## TASK PROMPT:
Take the data below and write it out exactly, except for the pictures.

## GIVEN DATA:
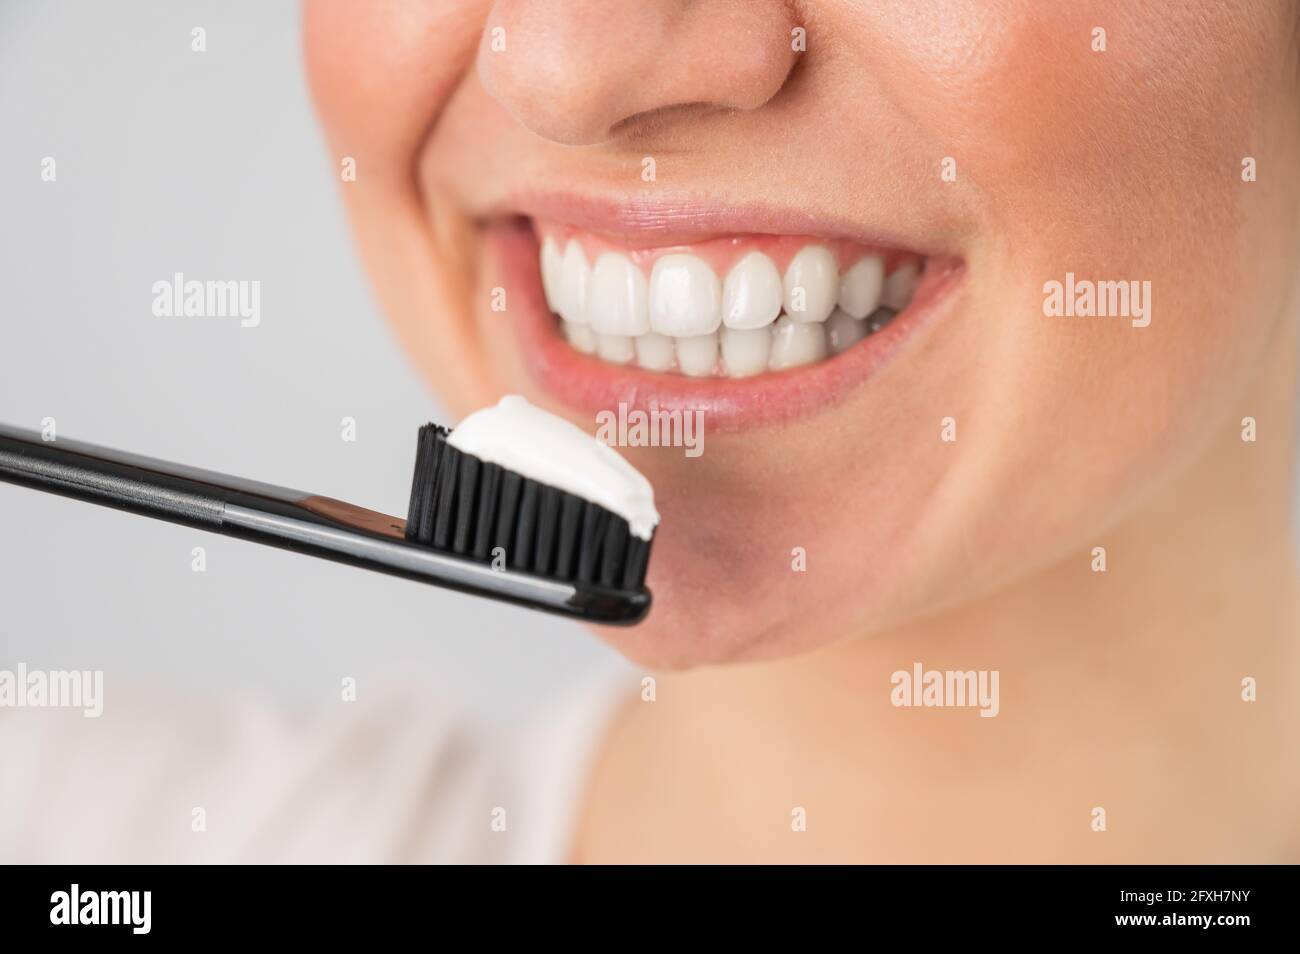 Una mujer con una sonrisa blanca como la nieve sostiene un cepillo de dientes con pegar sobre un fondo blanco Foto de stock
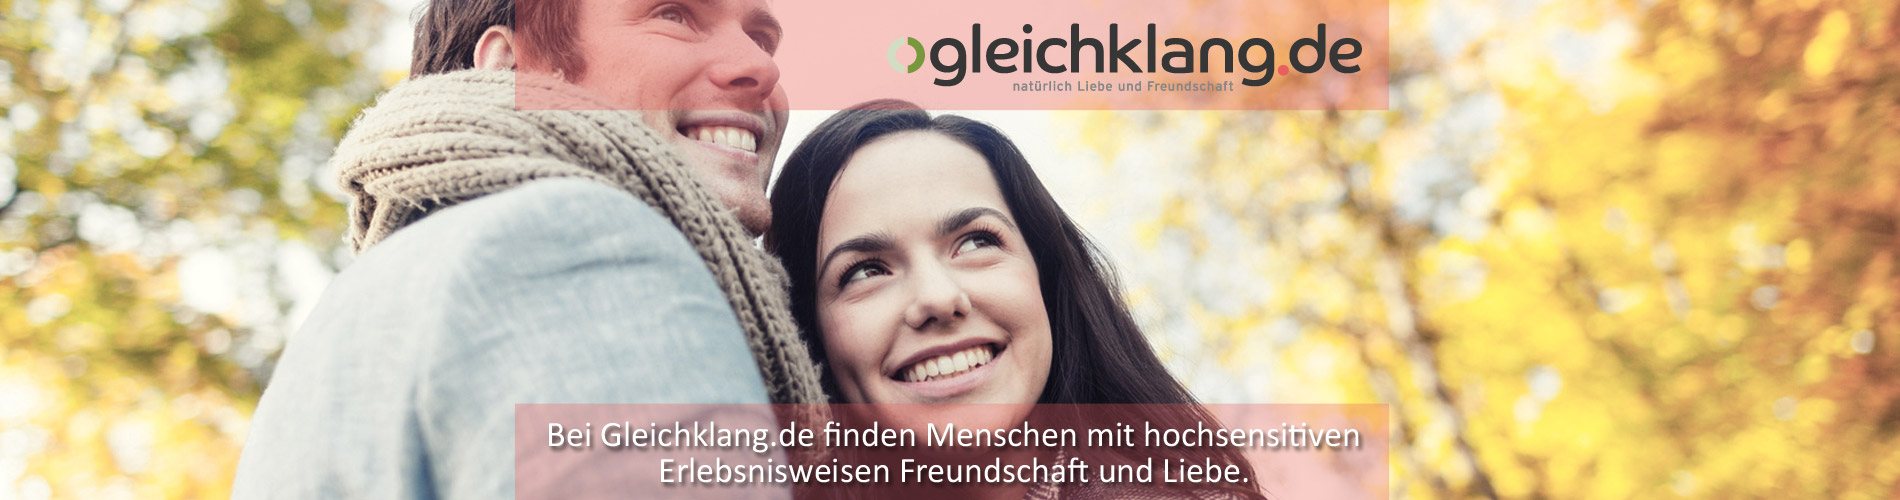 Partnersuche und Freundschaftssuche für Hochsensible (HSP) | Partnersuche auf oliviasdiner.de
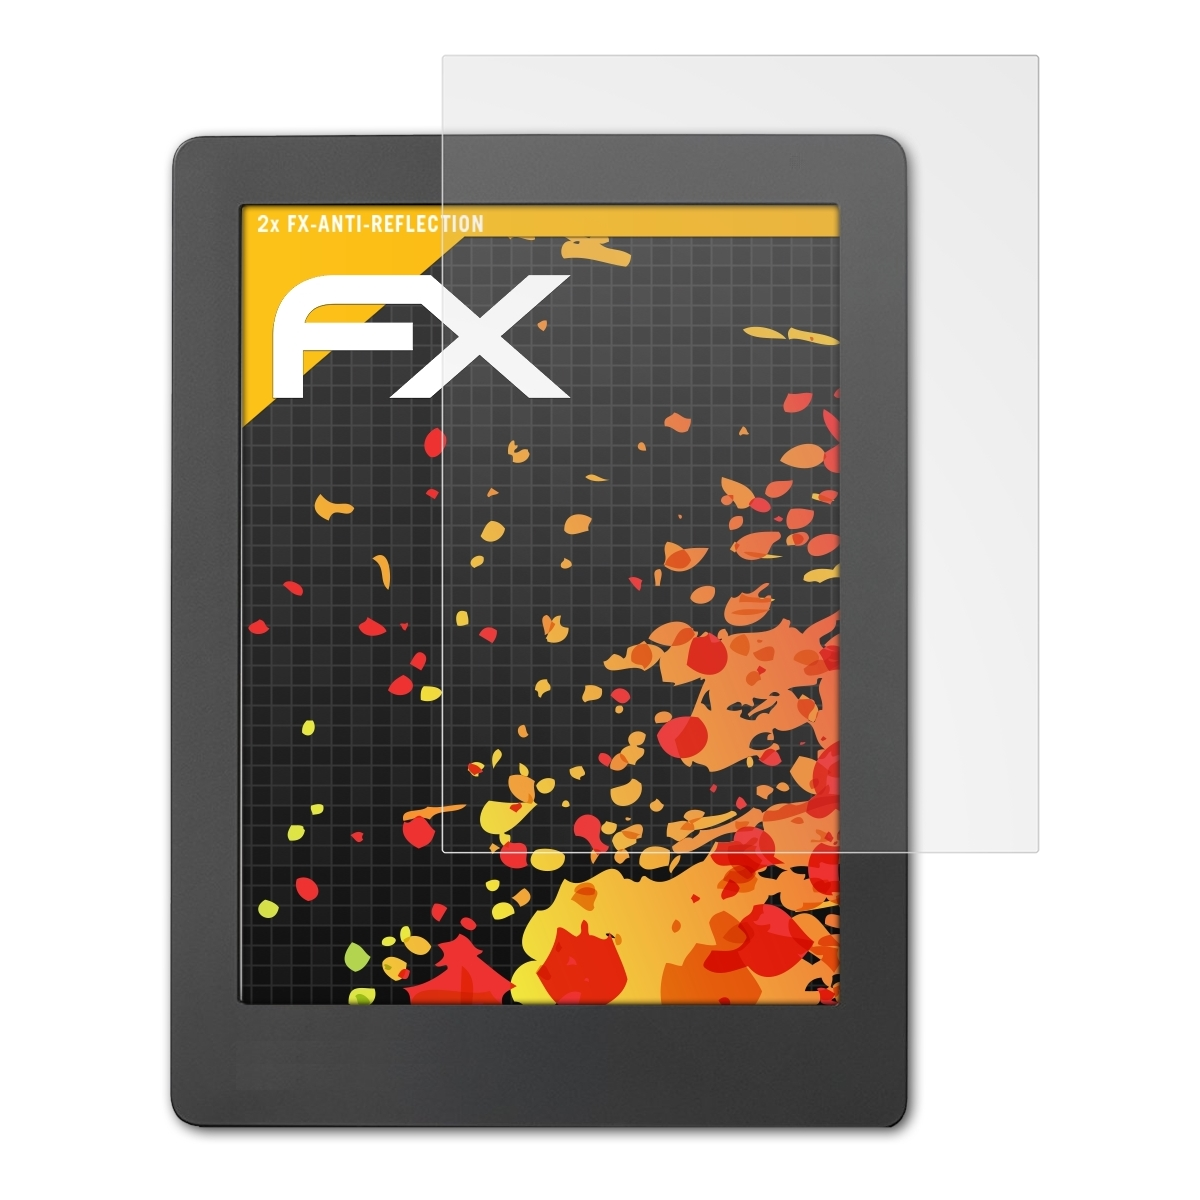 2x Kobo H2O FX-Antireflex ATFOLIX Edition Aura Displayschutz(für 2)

## SOLUTION TO THIS PROBLEM:
 Una mujer con una sonrisa blanca como la nieve sostiene un cepillo de dientes con pegar sobre un fondo blanco Foto de stock
 Partnersuche und Freundschaftssuche für Hochsensible (HSP) | Partnersuche auf oliviasdiner.de
 2x Kobo H2O FX-Antireflex ATFOLIX Edition Aura Displayschutz(für 2)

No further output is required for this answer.